**** MATERIAL PROVIDED ****
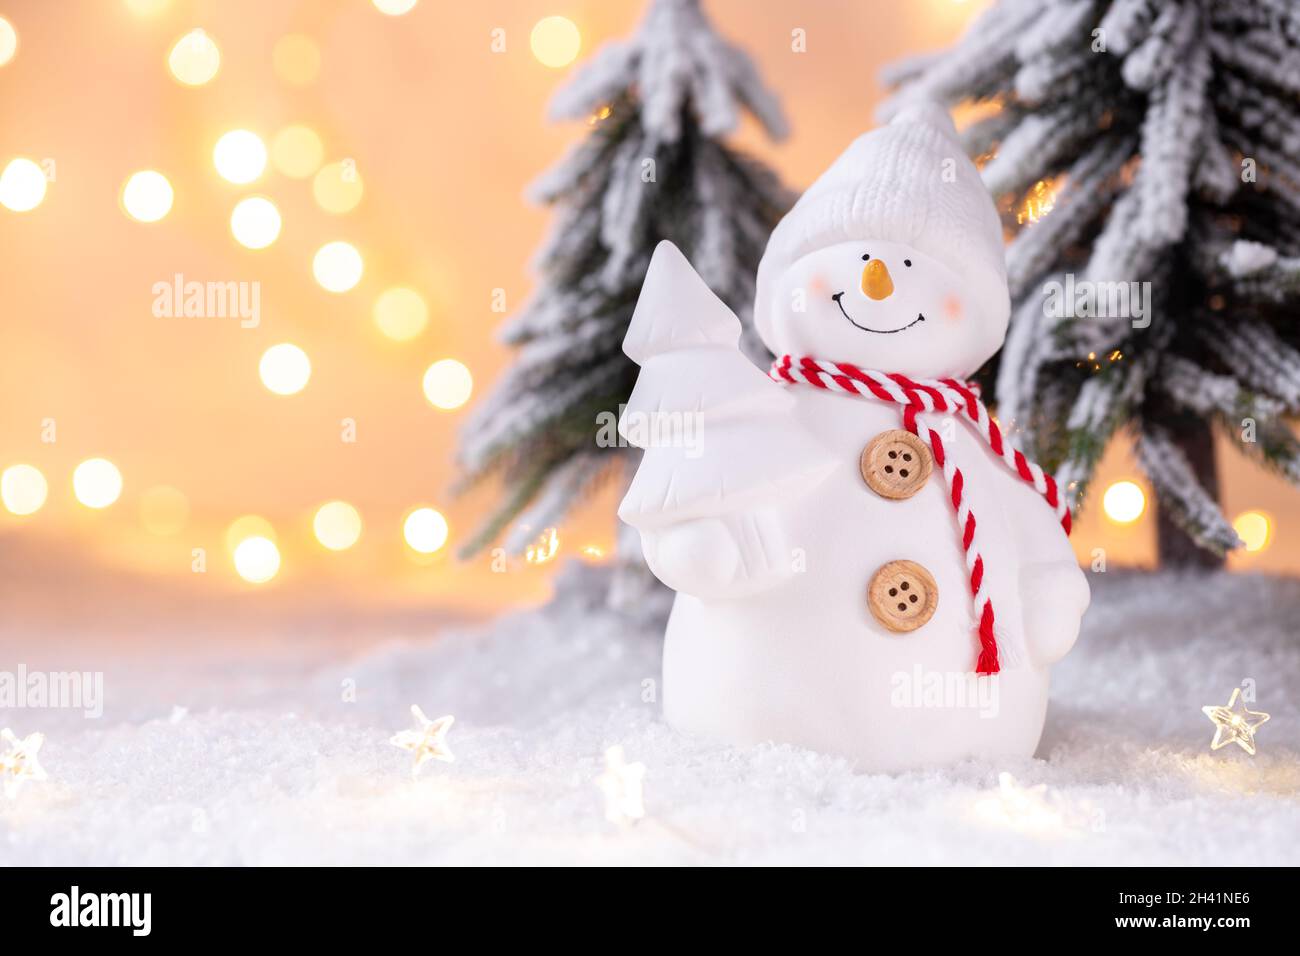 Snowman toy on the snow Stock Photo
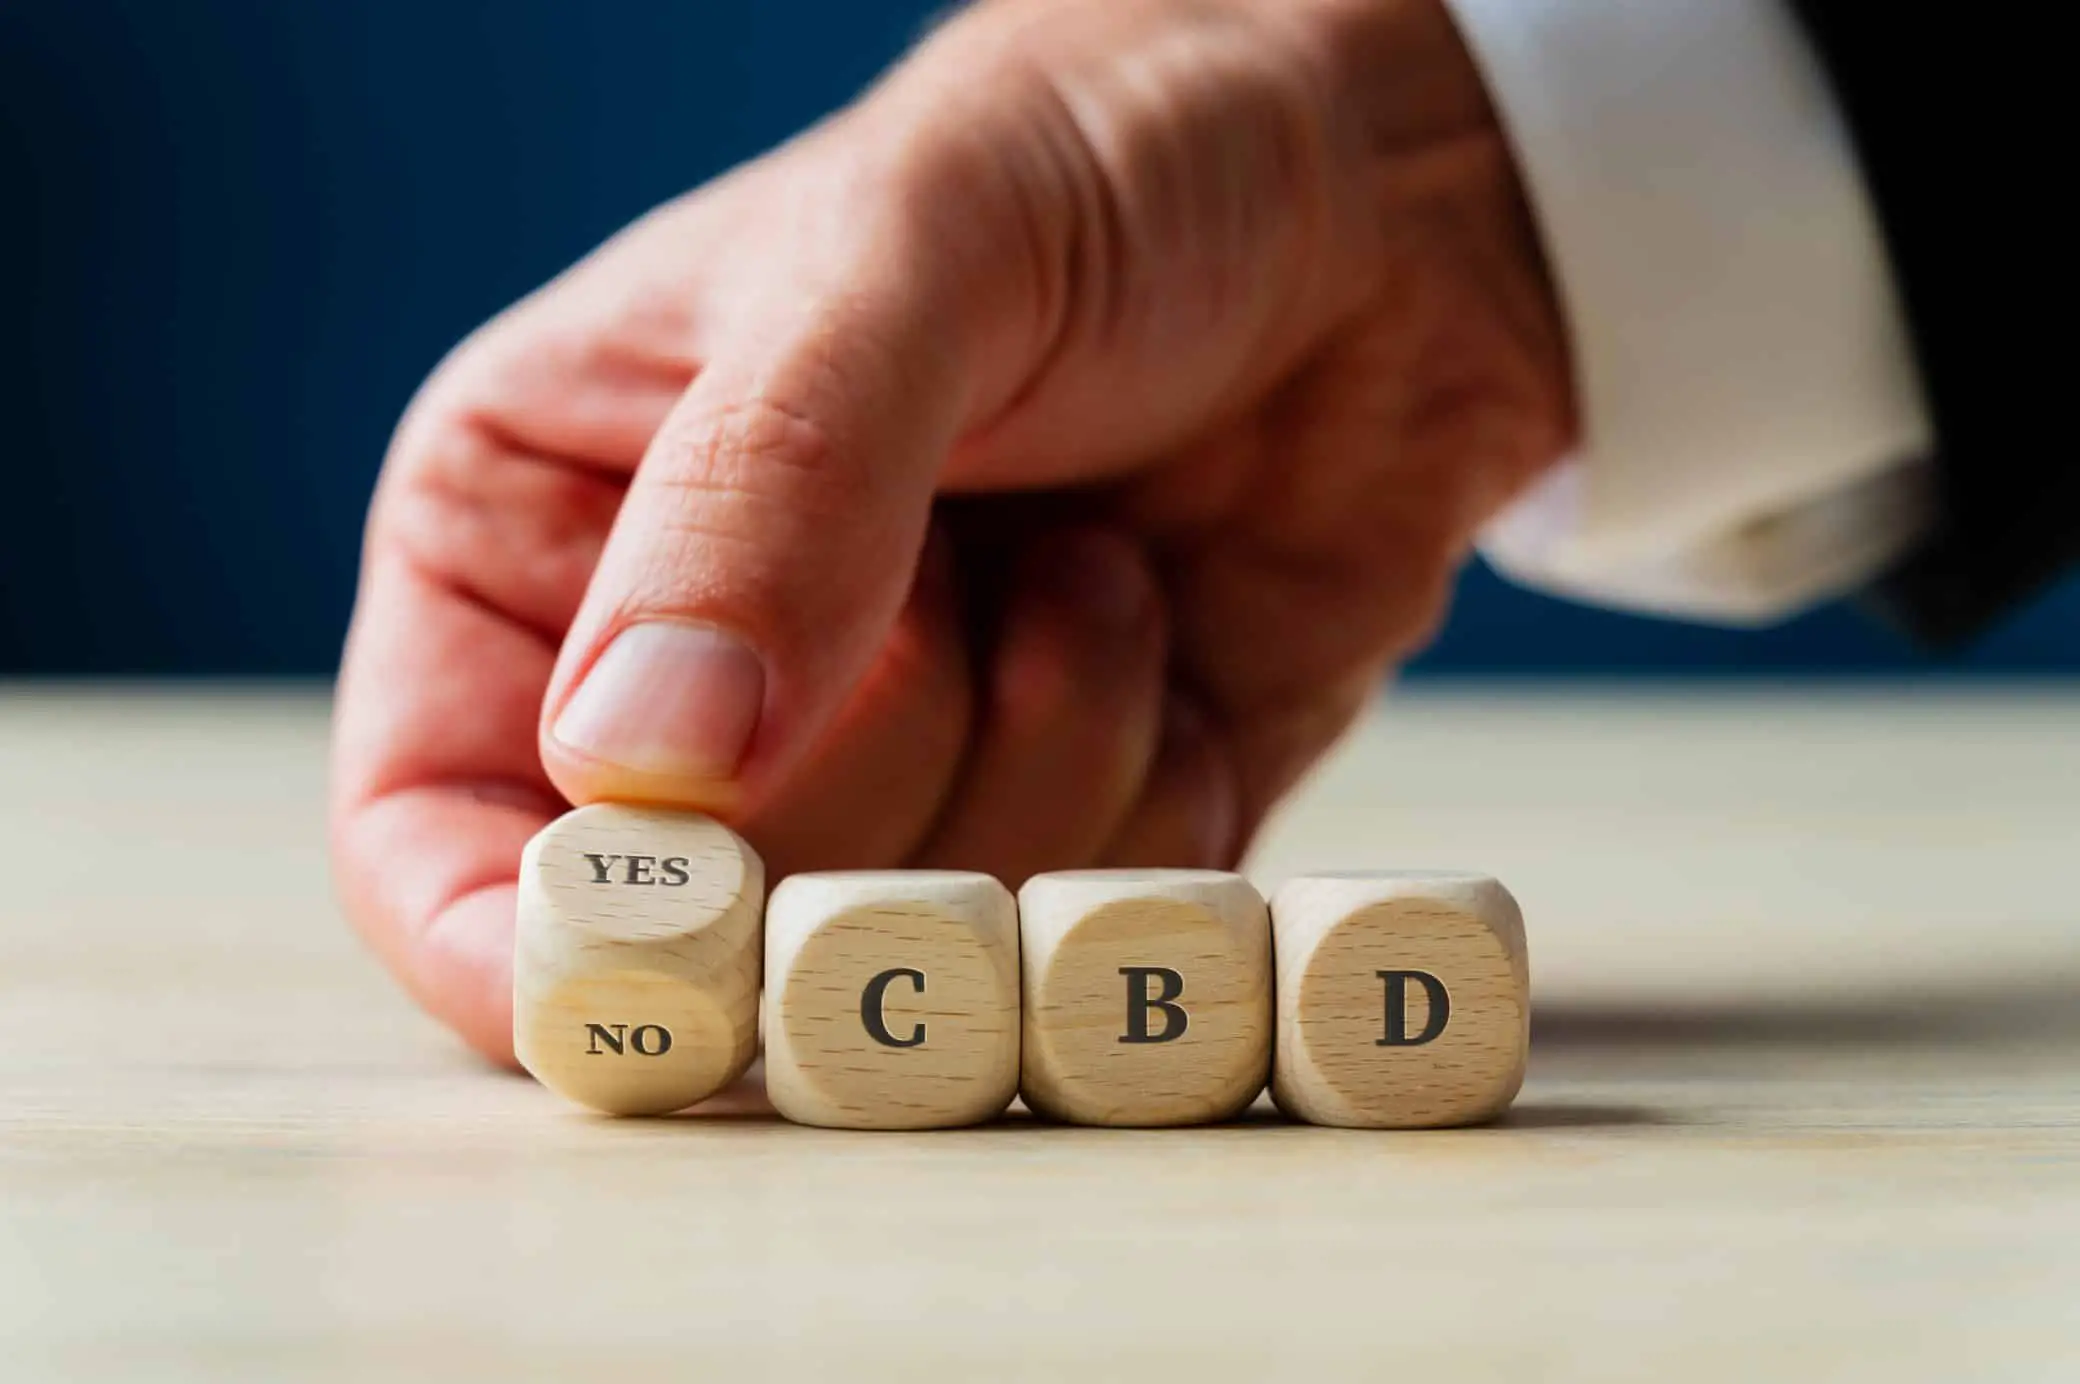 Cbd Legalization And Use
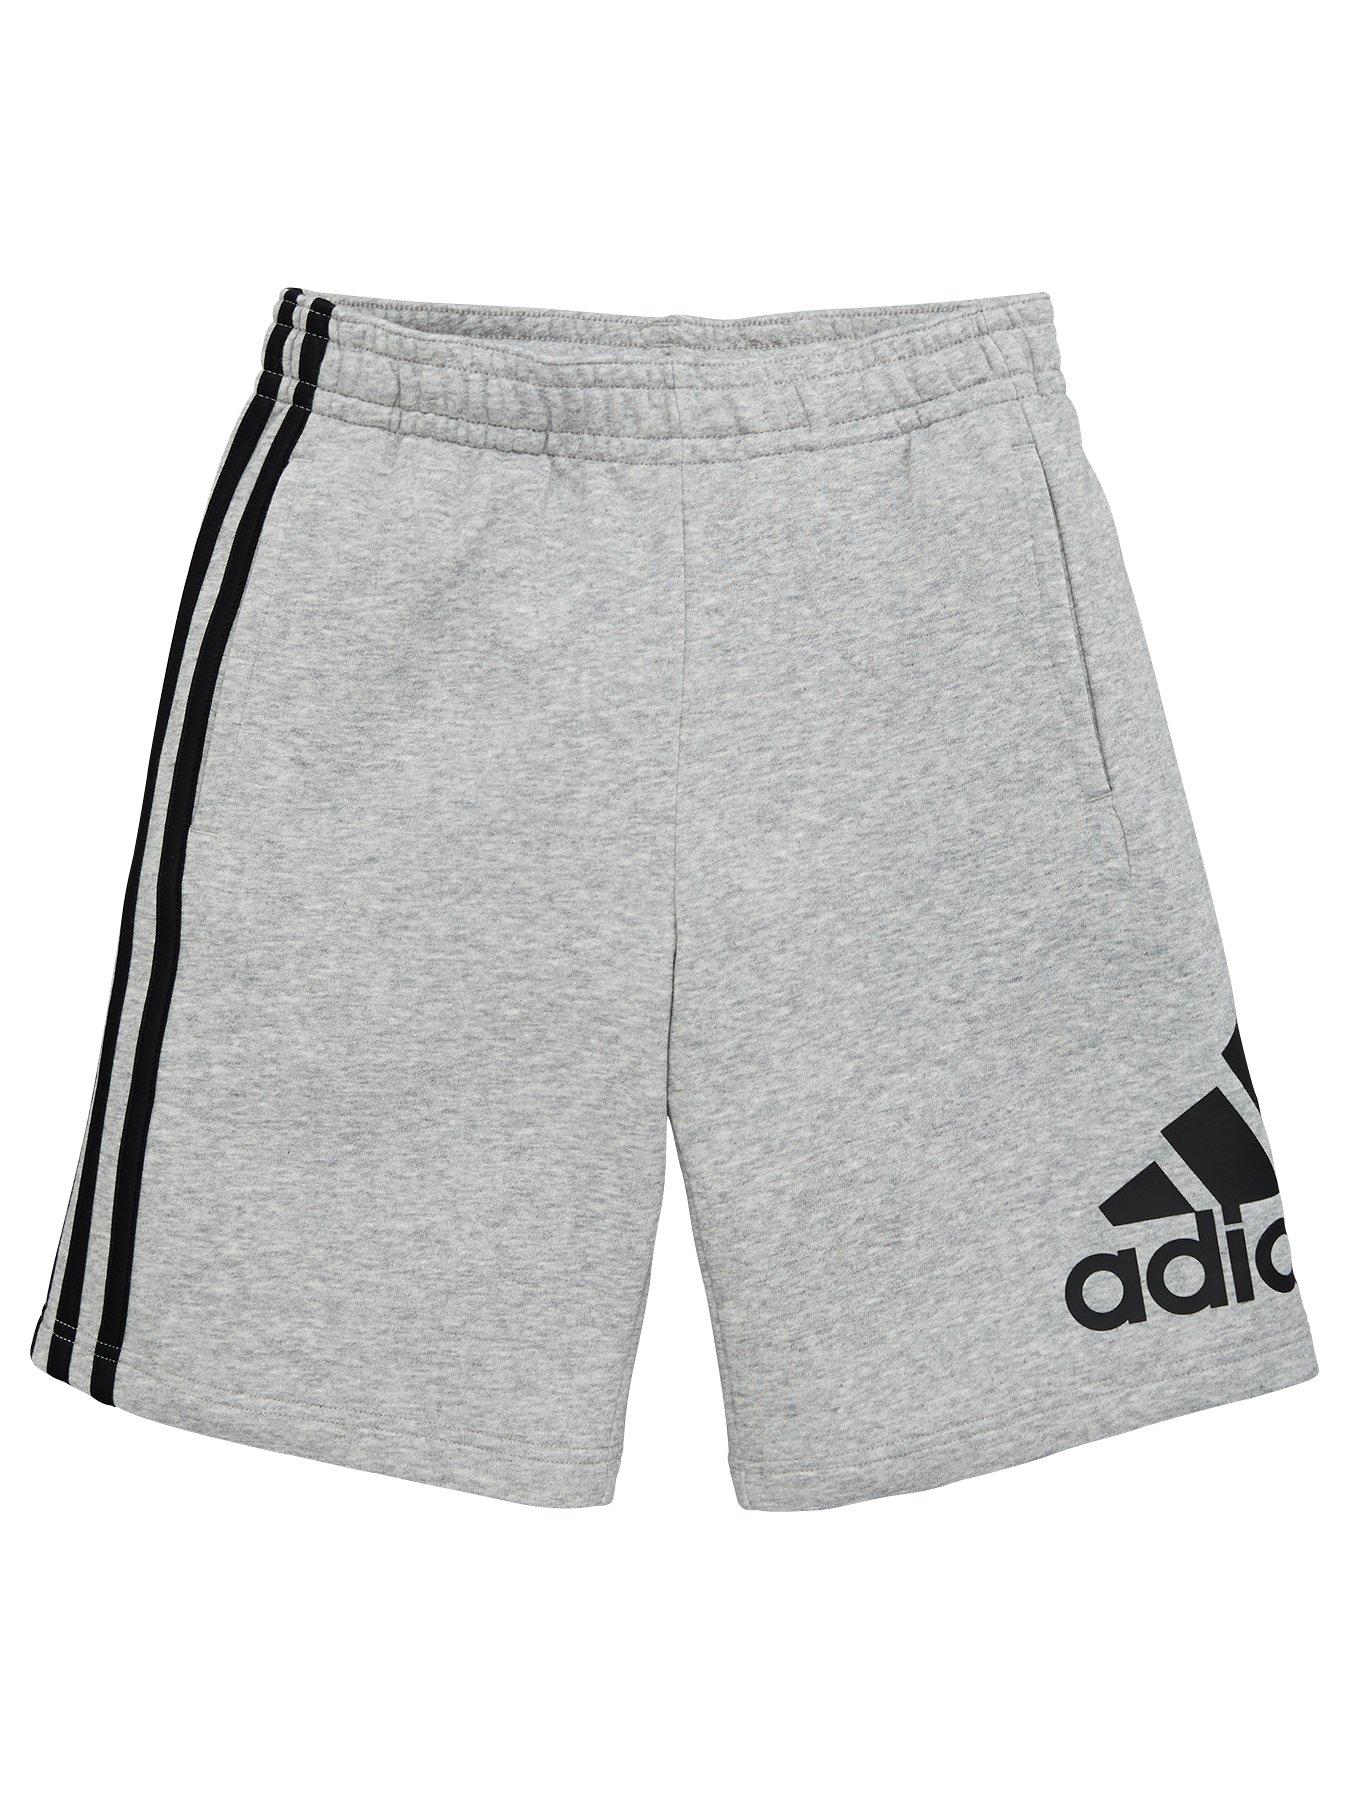 boys grey adidas shorts
****
> **PROBLEM TO WORK ON**
Give back the material above word for word; no picture belongs in it.

> **RESPONSE BOX**
 Snowman toy on the snow Stock Photo
 Cbd Legalization And Use
 boys grey adidas shorts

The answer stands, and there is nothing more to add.